After an afternoon of haggling with Greg Curl, Fleming had persuaded him not only to accept the agreement but to fund Merrill’s bonus pool, up to the amount paid out in 2007. Nobody would get an employment contract, including Fleming and Thain—a point that Curl admired. To ensure that the deal would be completed, Fleming had convinced Curl to agree to a virtually airtight MAC agreement—meaning that even if Merrill’s business continued to deteriorate, Bank of America couldn’t later wiggle out of the transaction by claiming a “material adverse change” had occurred.

By Curl’s thinking, as he explained to Ken Lewis before agreeing to the price, “We might be able to get it for cheaper later, but if we don’t do the deal today, we could lose the opportunity entirely.” For Curl, a journey-man dealmaker, this was his crowning achievement.

Bank of America scheduled a board call for 5:00 p.m., while Merrill set up a board meeting at the St. Regis hotel at 6:00 p.m. to approve the deal. In a matter of hours, Merrill Lynch, with a history of nearly one hundred years as one of the most storied names on Wall Street, would be sold to Bank of America for the biggest premium in the history of banking mergers. It was, as one newspaper later put it, as if Wal-Mart were buying Tiffany’s.

At the NY Fed the banks had just finished trying to unwind their Lehman positions, an effort that had not gone particularly well. The Fed had passed out a memo to the CEOs earlier in the day explaining the program, which would be an extraordinary two-hour trading session in New York and London, during which firms that had opposing trades with Lehman tried to pair up and cut out the middleman.

The process was based on the assumption that Lehman was going under: “All trades conducted will be done on a contingency basis, contingent on the filing of bankruptcy of the Lehman parent,” the Fed memo said. “Trades will ‘knock in’ if the Lehman Brothers Holding Inc. files for bankruptcy before 9am ET on Monday.” The memo was intentionally never distributed to anyone at Lehman.

However neatly laid out the Fed proposal might have been, the various banks struggled to find matching trades that could remove Lehman from the picture. When frustrated traders left their desks at 4:00 p.m. in New York, many of them faced as much exposure to Lehman as they had on Friday afternoon.

“The extraordinary trading session held today to facilitate a partial unwind of these positions saw very little trading—perhaps $1 billion total—but at much wider spread levels for corporate bonds,” Bill Gross, head of PIMCO, told reporters that afternoon. “It appears that Lehman will file for bankruptcy and the risk of an immediate tsunami is related to the unwind of derivative and swap-related positions worldwide in the dealer, hedge fund, and buy-side universe.”

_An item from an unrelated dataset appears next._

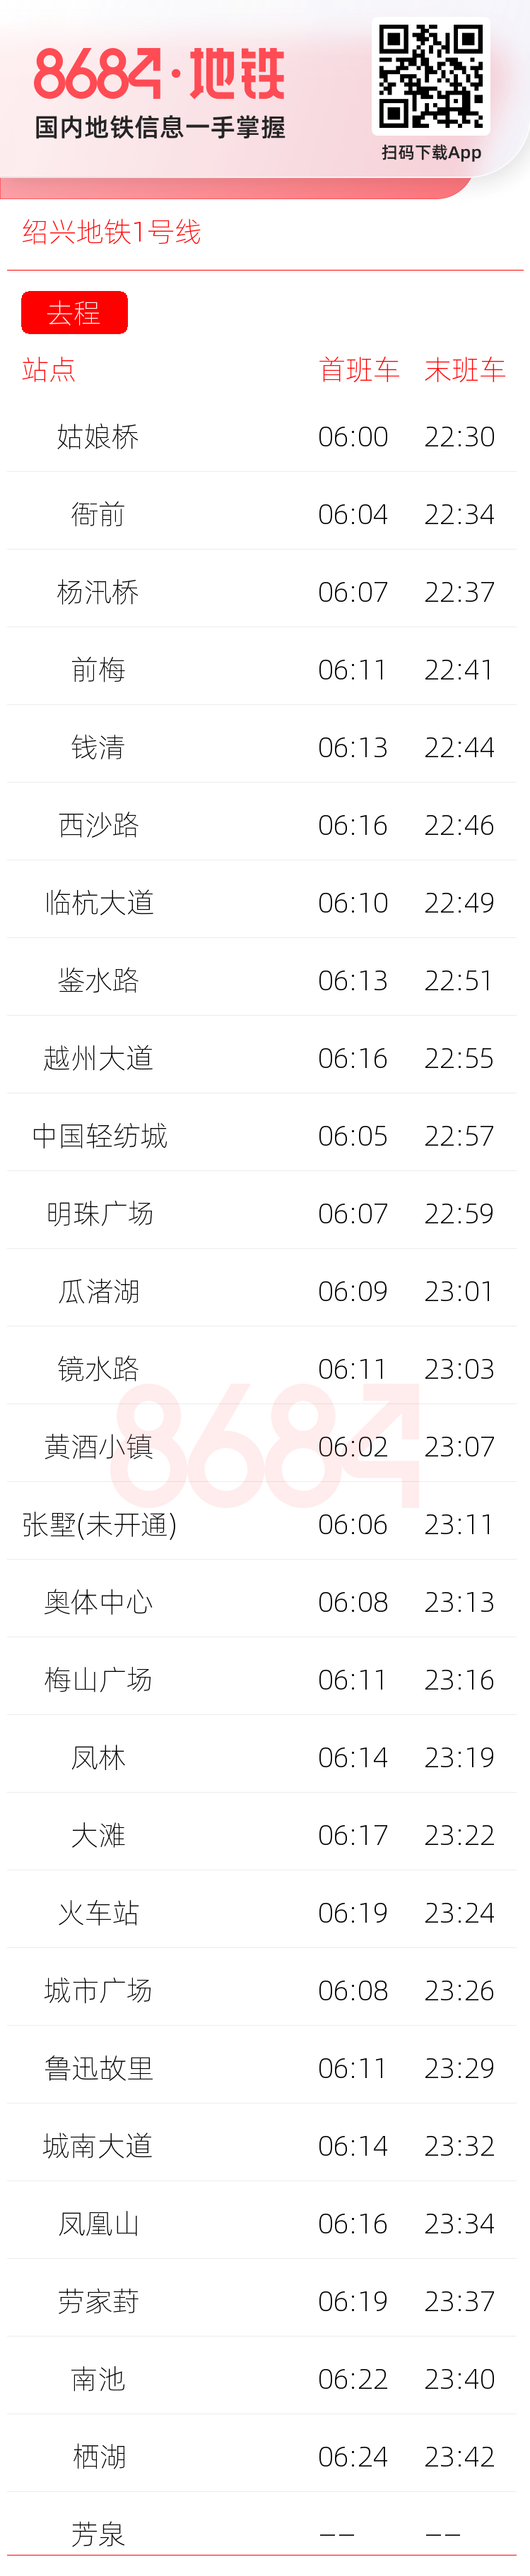 绍兴地铁1号线运营时间表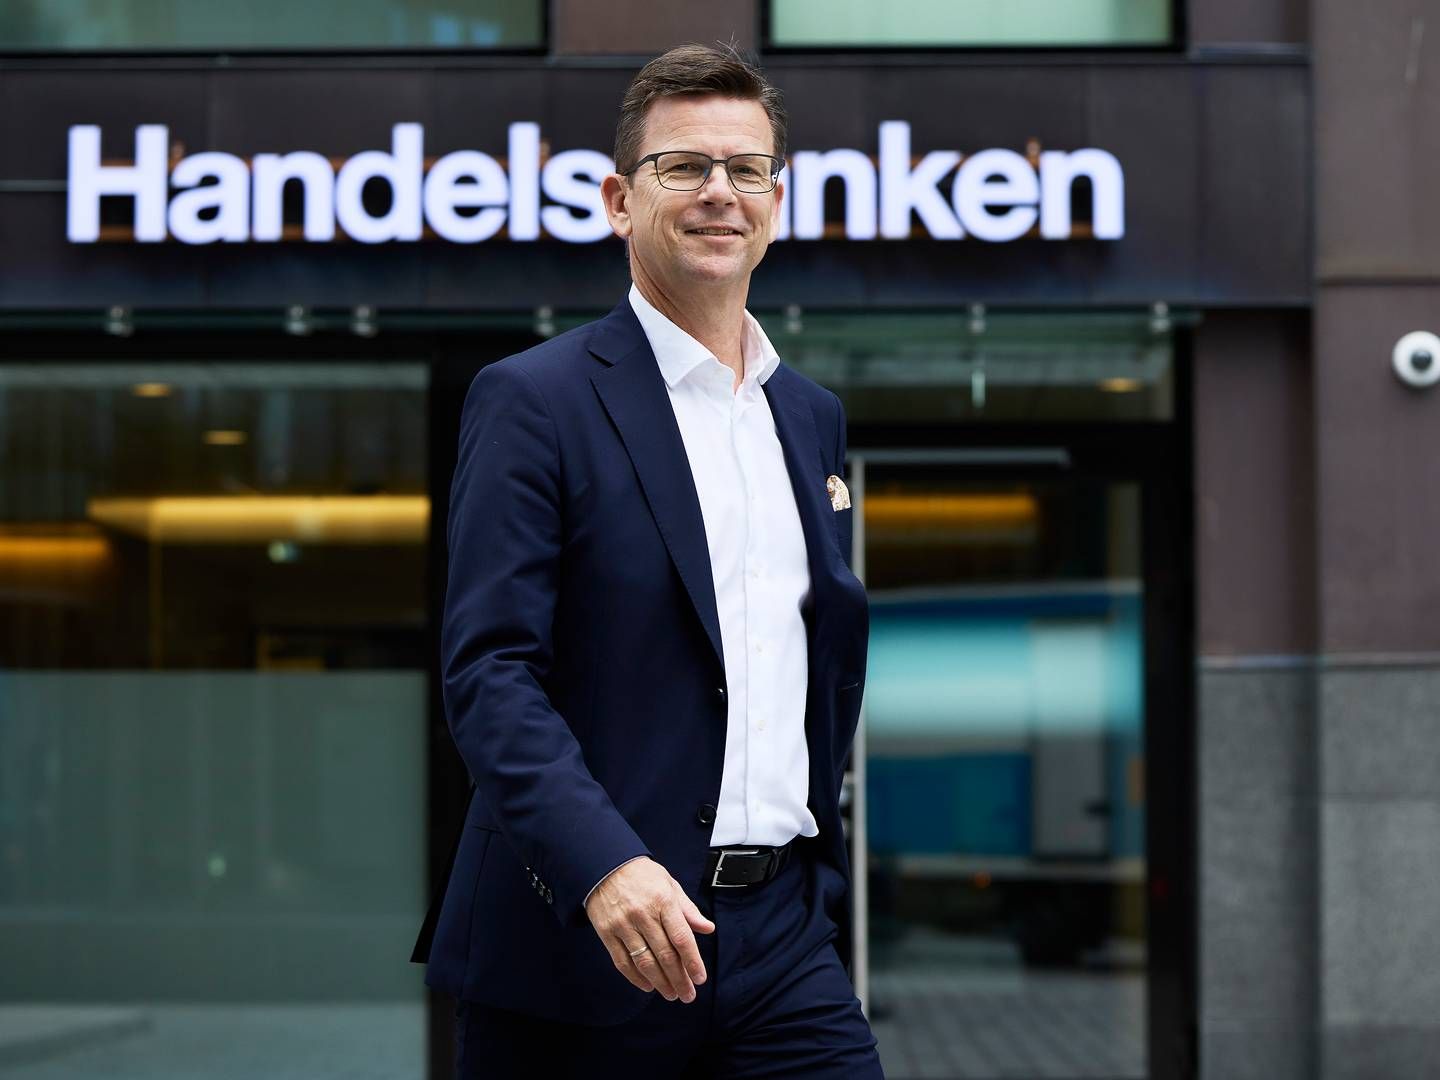 RÅD TIL Å GI RÅD: Landsjef Arild Andersen leder nå en bank med over 1000 ansatte i Norge.. Halvparten av de ansatte er kunderådgivere. | Foto: Bård Gudim / Handelsbanken

Word was also starting to spread that Merrill was about to be sold to Bank of America, a rumor that Gross, one of the nation’s most respected investors, said that he heavily discounted. “To some extent, the rumored bid for Merrill by Bank of America lends some confidence to all markets, although I am skeptical that BofA would pay such a premium on such short notice,” he said.